DATA EXTRACT:
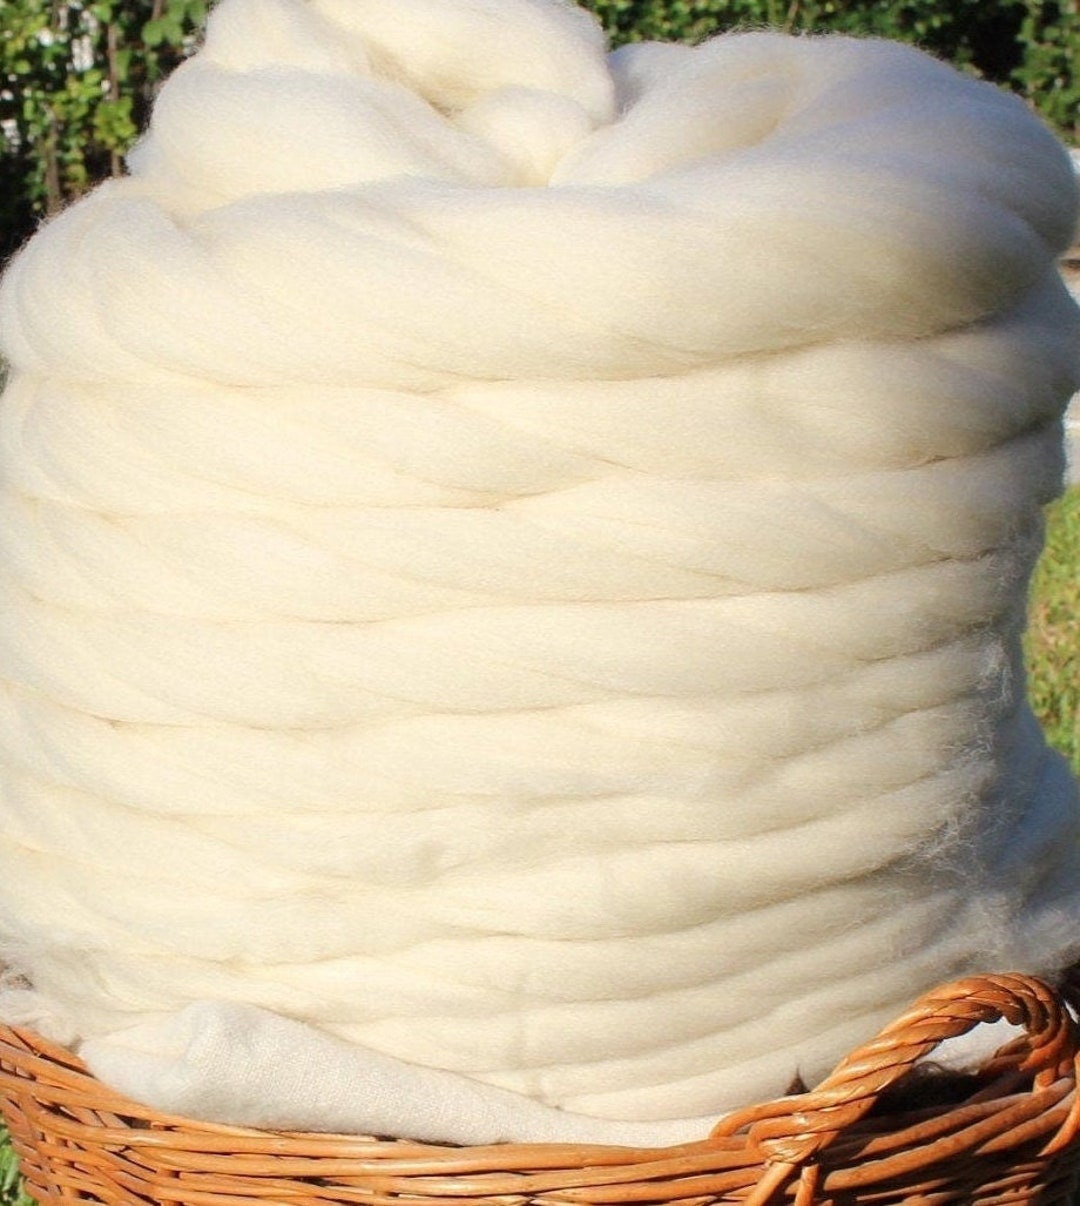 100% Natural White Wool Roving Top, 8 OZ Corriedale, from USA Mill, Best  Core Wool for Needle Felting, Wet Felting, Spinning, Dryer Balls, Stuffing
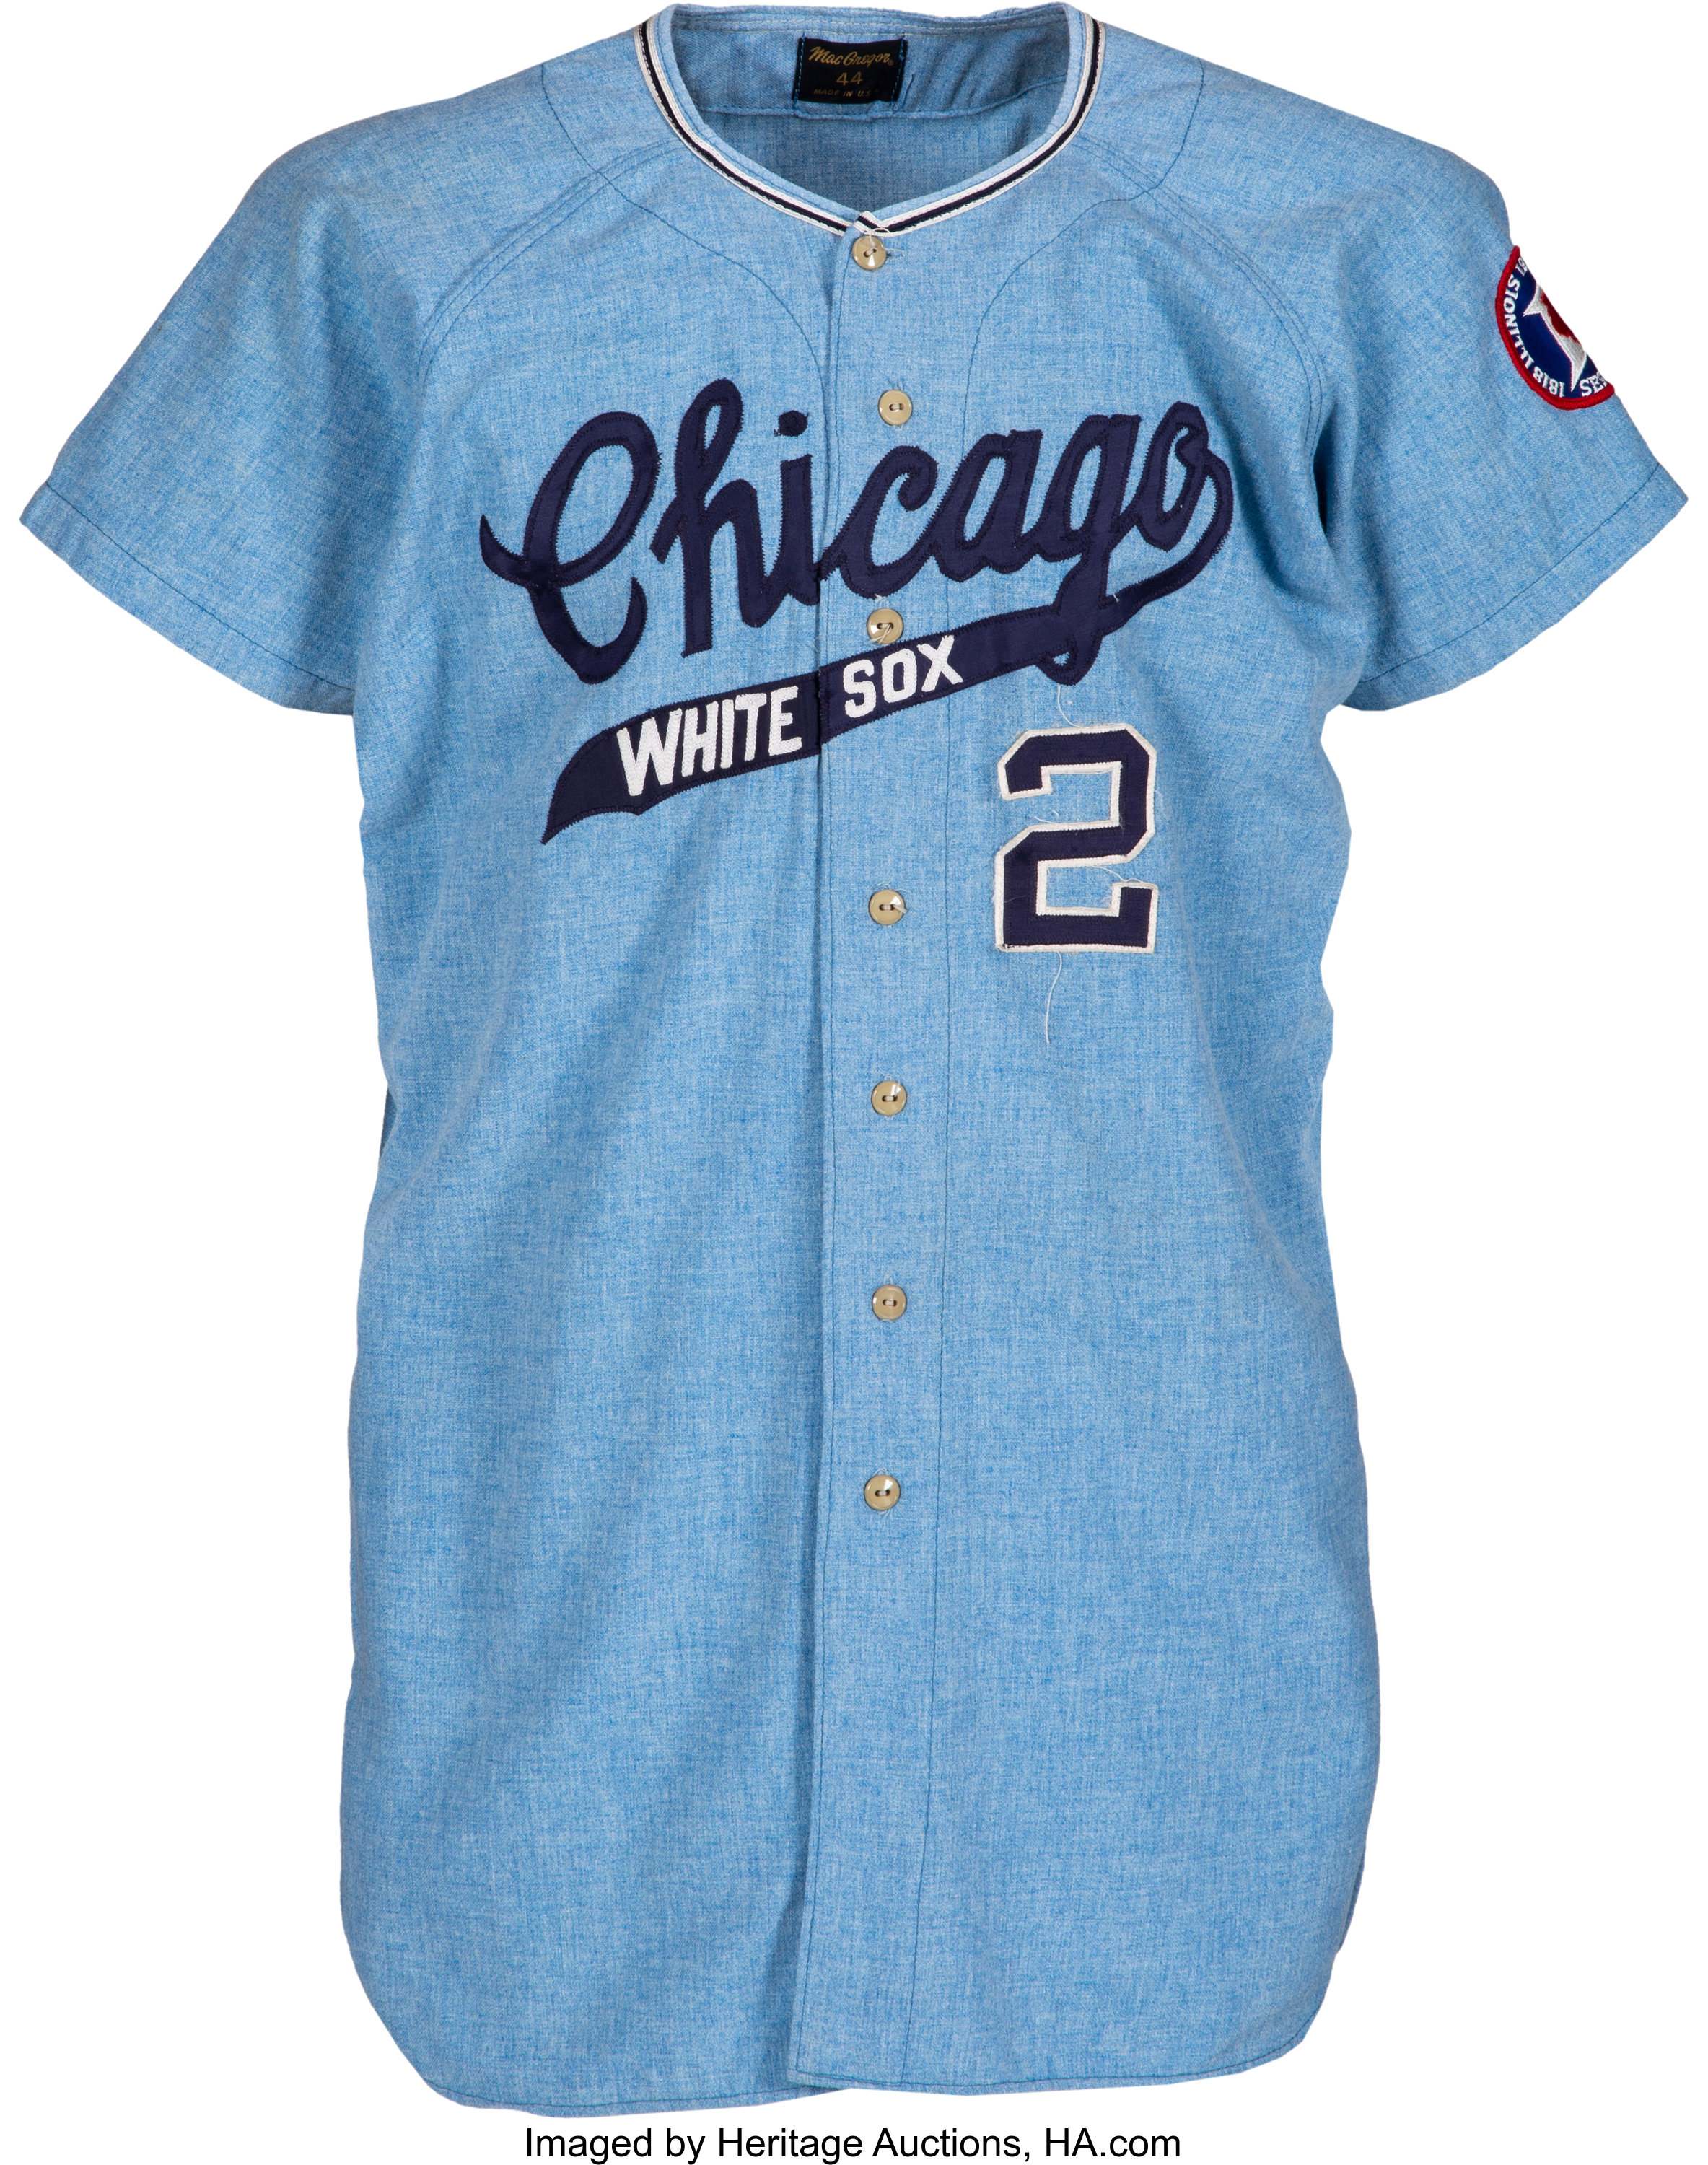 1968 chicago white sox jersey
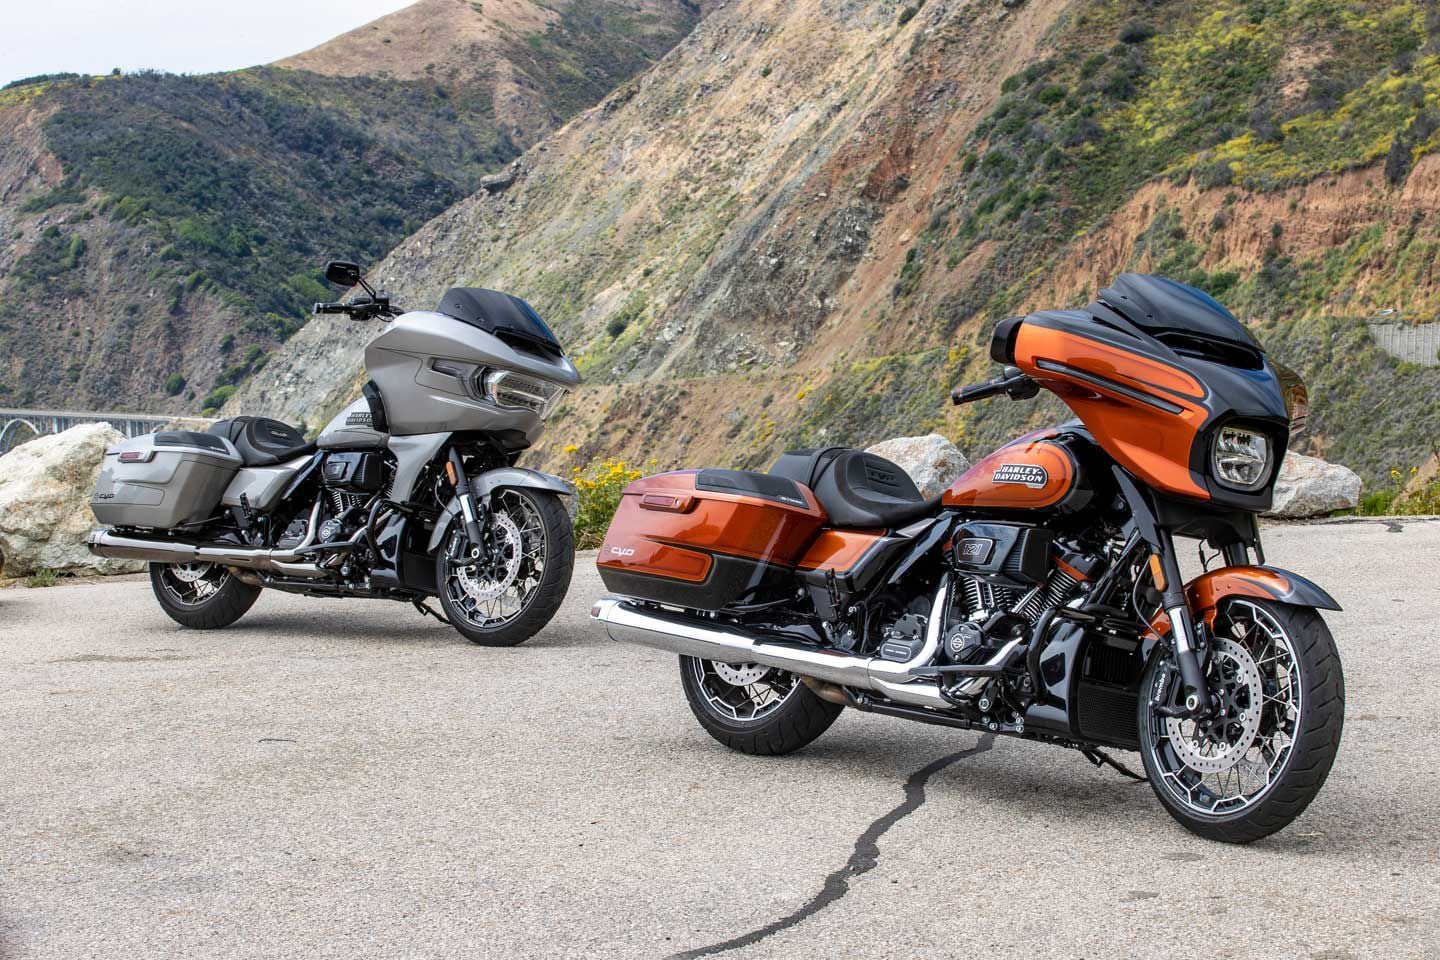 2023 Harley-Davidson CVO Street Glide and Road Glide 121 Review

WHAT YOU SHOULD DO:
Every line above must appear in the answer unchanged, and no picture may appear in it.

REPLY:
 100% Natural White Wool Roving Top, 8 OZ Corriedale, from USA Mill, Best  Core Wool for Needle Felting, Wet Felting, Spinning, Dryer Balls, Stuffing
 1968 chicago white sox jersey
 2023 Harley-Davidson CVO Street Glide and Road Glide 121 Review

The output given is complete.